[Saved data entries]
★ ★ ★ ★ ★

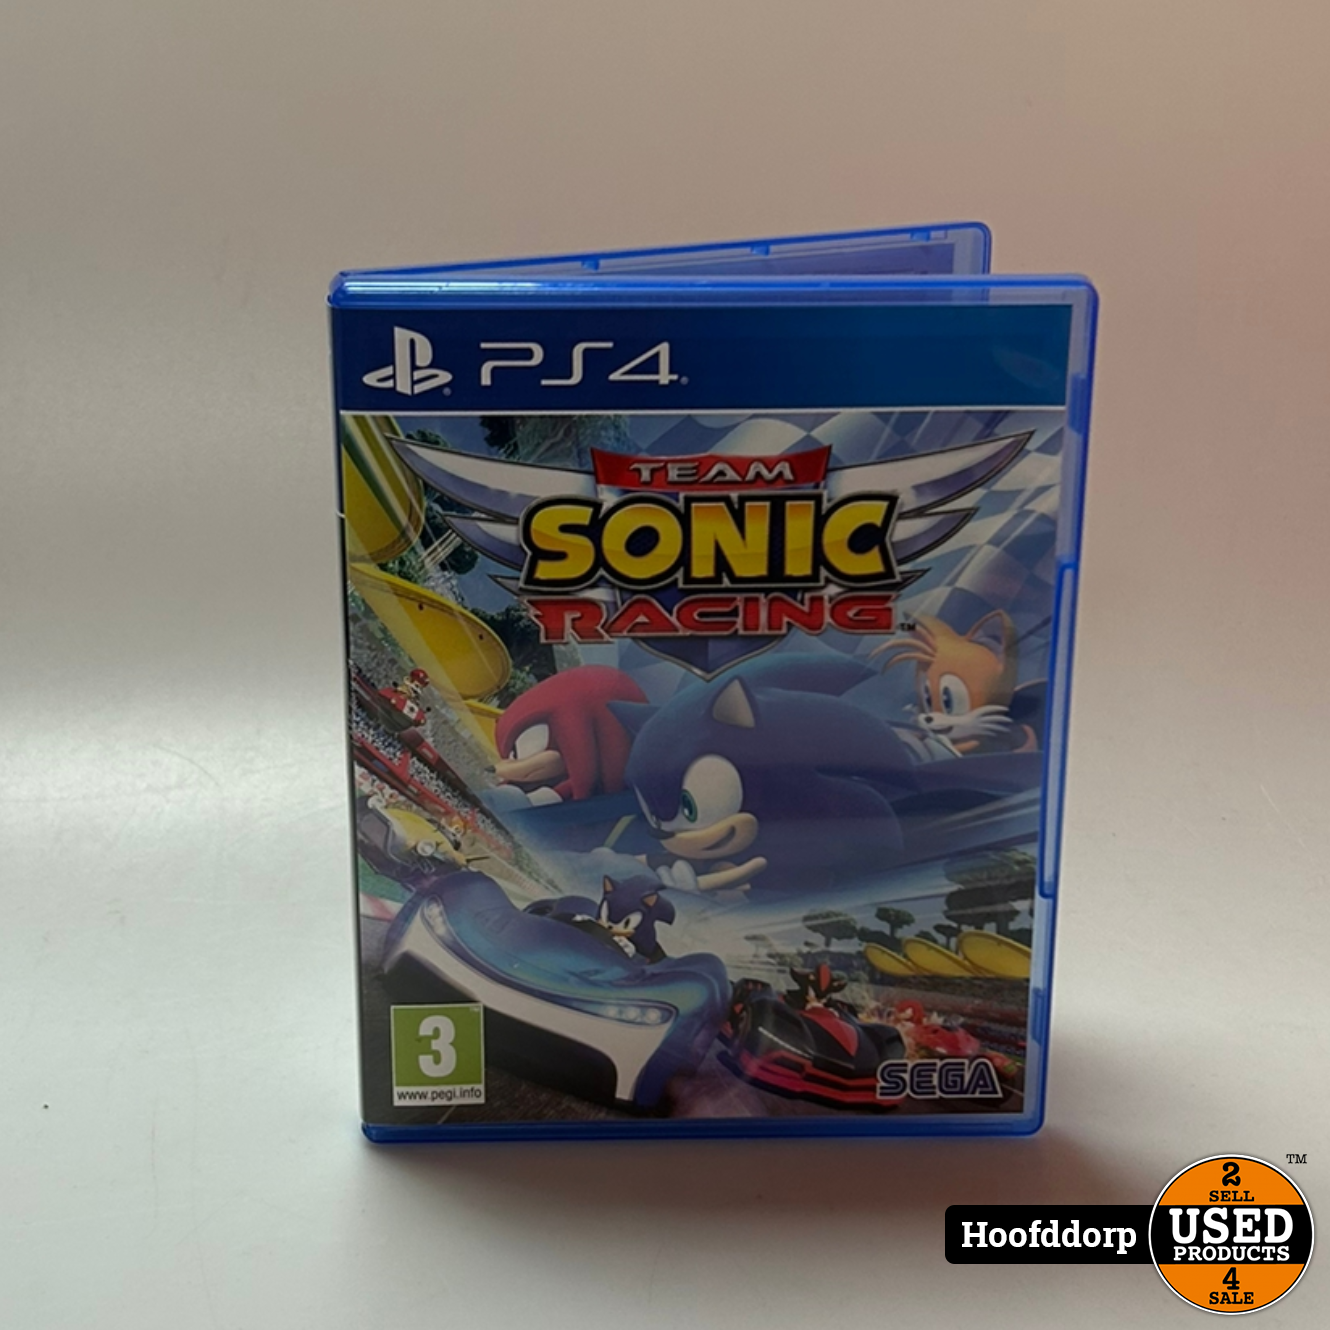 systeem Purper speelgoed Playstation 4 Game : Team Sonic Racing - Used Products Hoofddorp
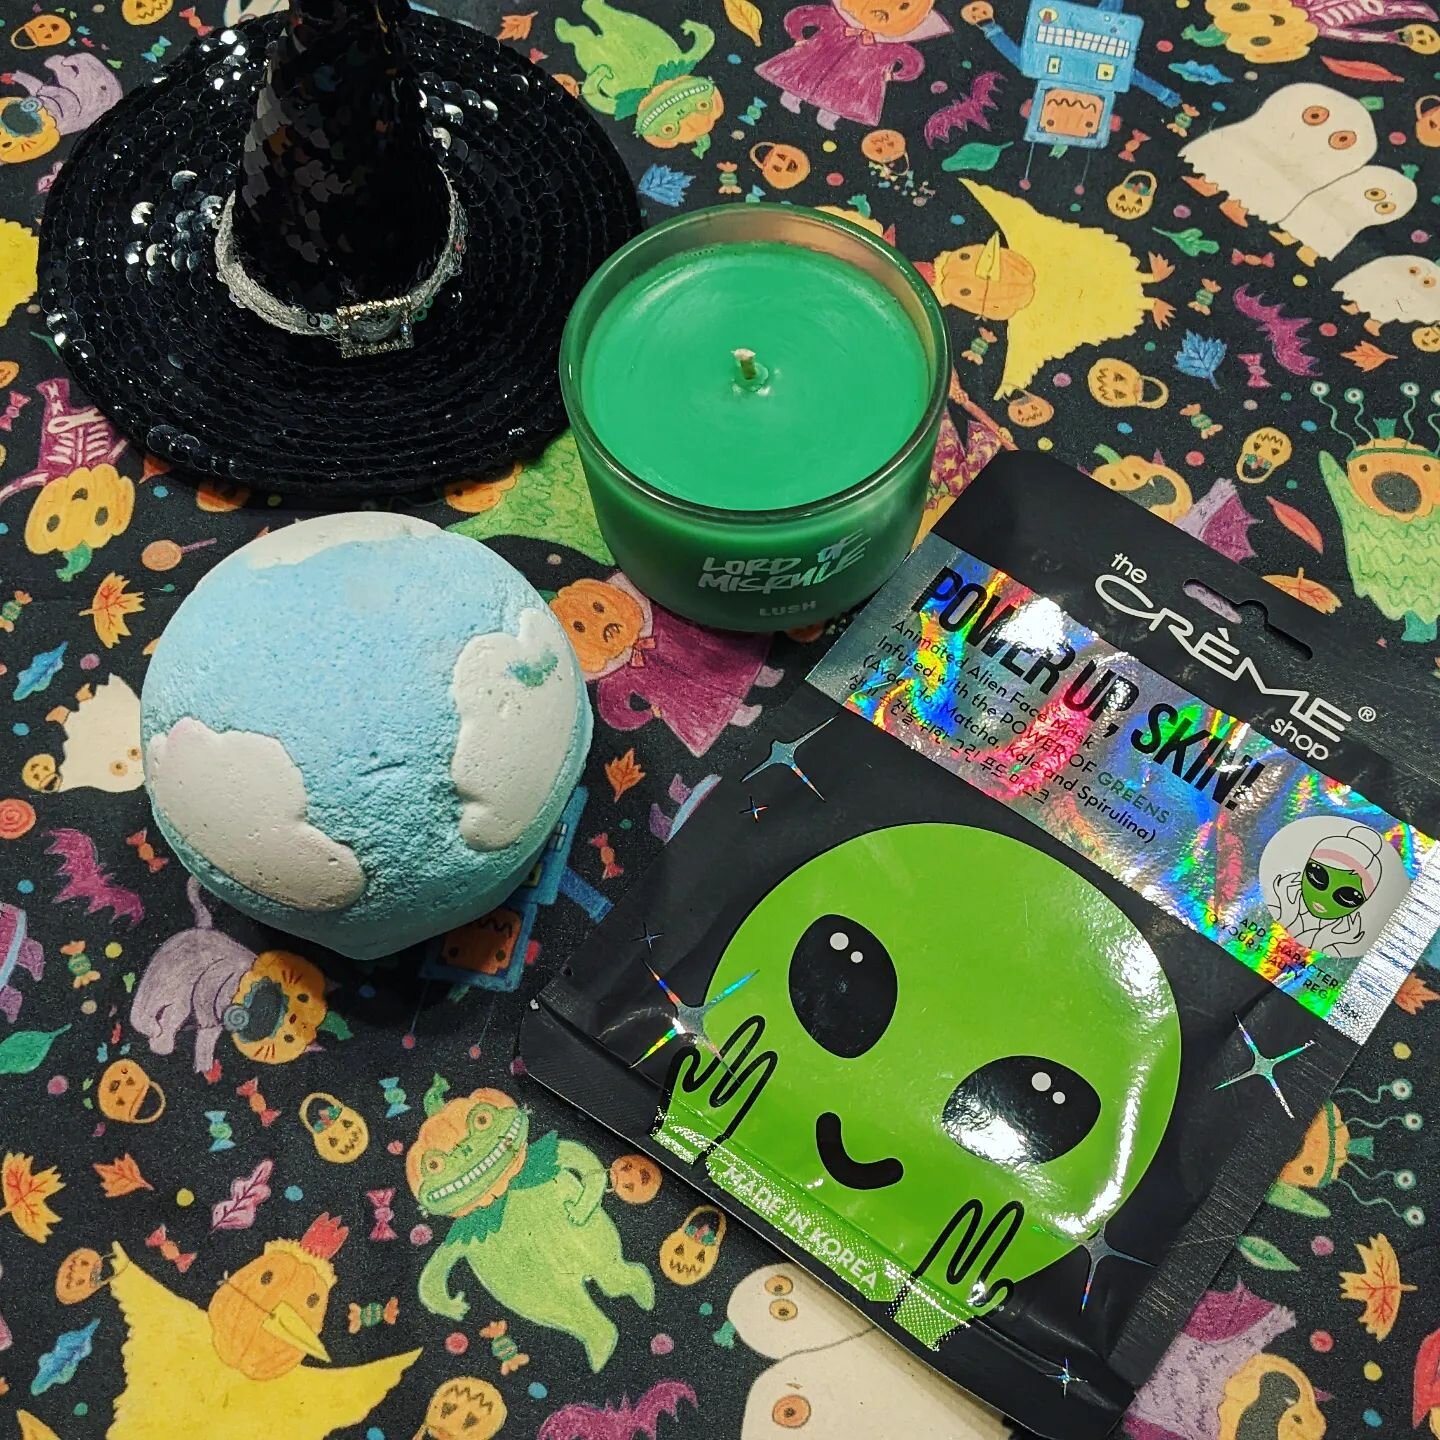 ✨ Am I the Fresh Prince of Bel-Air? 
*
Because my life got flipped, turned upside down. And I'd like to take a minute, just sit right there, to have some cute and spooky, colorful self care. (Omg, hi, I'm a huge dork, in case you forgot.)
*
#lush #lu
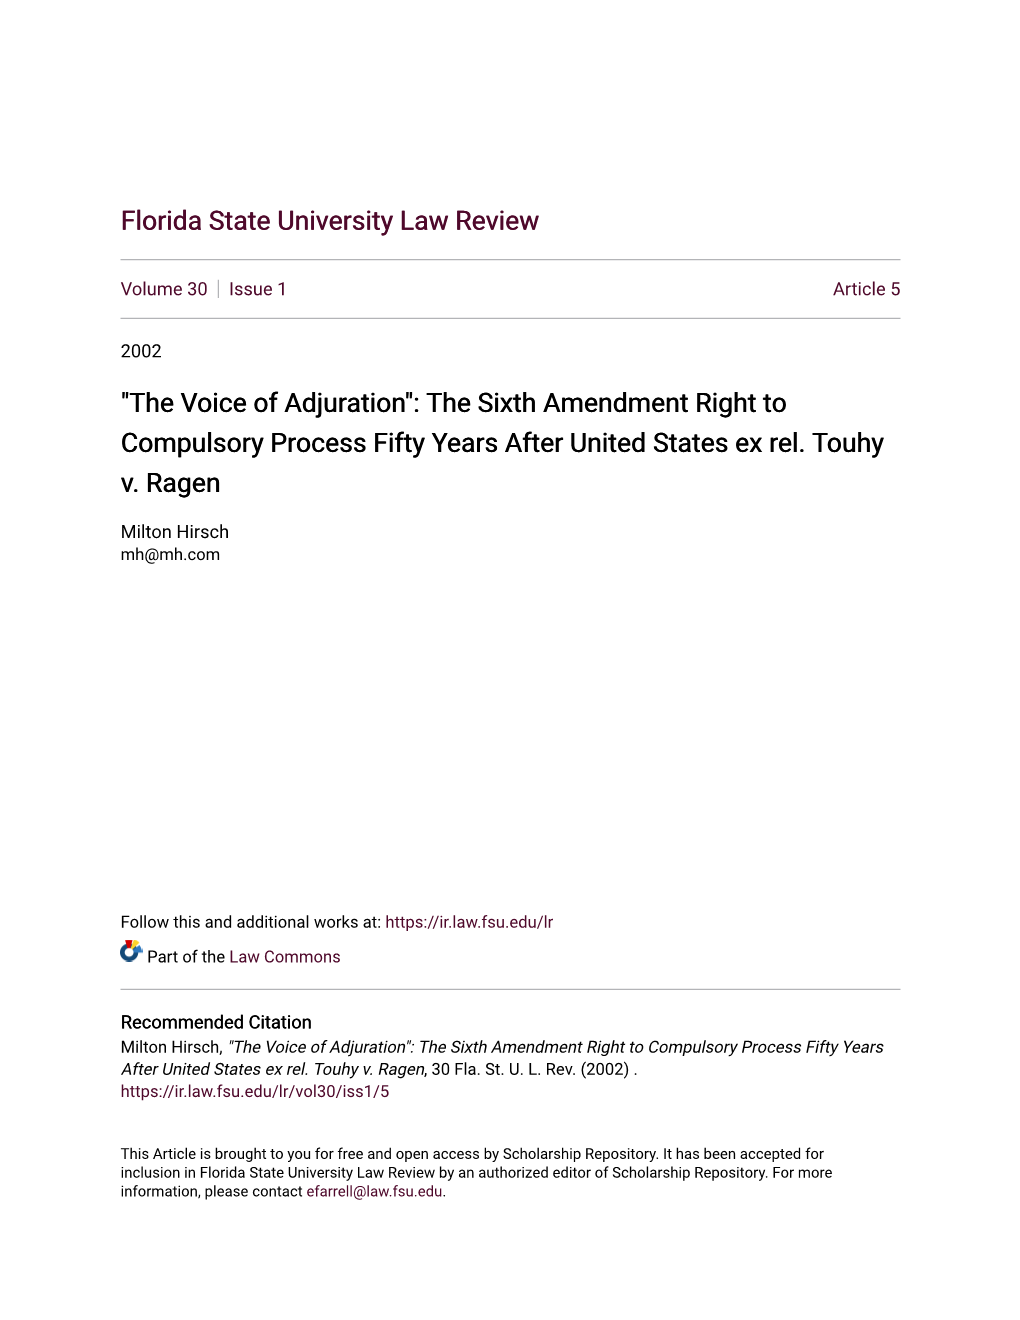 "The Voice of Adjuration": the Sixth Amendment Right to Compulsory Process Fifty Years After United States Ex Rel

★ ★ ★ ★ ★

### [Problem details]
Would you set down each line of the data exactly, with no images included?

### [Solution for this exercise]
 systeem Purper speelgoed Playstation 4 Game : Team Sonic Racing - Used Products Hoofddorp
 ✨ Am I the Fresh Prince of Bel-Air? 
*
Because my life got flipped, turned upside down. And I'd like to take a minute, just sit right there, to have some cute and spooky, colorful self care. (Omg, hi, I'm a huge dork, in case you forgot.)
*
#lush #lu
 "The Voice of Adjuration": the Sixth Amendment Right to Compulsory Process Fifty Years After United States Ex Rel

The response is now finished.